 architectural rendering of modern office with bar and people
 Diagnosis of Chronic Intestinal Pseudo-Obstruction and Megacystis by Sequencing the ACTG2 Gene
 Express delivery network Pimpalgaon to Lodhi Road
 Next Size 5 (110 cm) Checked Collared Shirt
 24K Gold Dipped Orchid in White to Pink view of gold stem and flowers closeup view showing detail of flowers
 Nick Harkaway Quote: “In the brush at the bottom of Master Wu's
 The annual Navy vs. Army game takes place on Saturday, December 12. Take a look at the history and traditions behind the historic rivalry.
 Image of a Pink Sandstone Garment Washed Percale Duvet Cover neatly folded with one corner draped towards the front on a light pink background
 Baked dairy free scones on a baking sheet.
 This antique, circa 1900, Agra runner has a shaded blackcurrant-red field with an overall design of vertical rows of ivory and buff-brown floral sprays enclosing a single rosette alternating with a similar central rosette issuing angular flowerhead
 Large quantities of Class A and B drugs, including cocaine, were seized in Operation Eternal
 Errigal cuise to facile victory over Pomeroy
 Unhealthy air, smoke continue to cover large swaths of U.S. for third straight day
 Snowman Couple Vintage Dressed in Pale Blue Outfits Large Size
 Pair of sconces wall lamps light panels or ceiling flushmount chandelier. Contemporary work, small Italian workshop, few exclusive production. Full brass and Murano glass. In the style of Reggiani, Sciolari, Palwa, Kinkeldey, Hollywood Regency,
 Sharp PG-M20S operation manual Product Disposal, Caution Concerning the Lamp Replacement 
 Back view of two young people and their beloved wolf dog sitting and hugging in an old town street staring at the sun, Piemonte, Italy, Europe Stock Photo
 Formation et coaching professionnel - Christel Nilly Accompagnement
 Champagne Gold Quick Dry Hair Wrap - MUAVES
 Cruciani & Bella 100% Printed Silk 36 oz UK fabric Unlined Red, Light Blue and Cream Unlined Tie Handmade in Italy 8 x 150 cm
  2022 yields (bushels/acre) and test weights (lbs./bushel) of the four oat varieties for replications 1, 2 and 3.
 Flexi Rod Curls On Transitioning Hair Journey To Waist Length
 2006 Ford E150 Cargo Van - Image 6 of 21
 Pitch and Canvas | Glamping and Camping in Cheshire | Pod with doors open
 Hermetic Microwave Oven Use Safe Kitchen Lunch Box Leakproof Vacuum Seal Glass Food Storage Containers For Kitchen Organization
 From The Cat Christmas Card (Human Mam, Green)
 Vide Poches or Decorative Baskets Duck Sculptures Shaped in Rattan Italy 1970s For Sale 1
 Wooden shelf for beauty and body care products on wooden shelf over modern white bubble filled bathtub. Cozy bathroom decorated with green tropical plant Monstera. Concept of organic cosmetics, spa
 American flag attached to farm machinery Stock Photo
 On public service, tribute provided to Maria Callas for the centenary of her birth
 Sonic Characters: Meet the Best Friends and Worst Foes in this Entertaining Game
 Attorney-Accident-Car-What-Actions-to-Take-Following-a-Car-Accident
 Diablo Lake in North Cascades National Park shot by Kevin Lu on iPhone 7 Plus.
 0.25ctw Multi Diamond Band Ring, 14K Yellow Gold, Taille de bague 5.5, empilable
☆ ☆ ☆ ☆ ☆ ☆ ☆
Go through the entries and copy every line that has "Blue".

### Worked solution:
 Snowman Couple Vintage Dressed in Pale Blue Outfits Large Size
 Cruciani & Bella 100% Printed Silk 36 oz UK fabric Unlined Red, Light Blue and Cream Unlined Tie Handmade in Italy 8 x 150 cm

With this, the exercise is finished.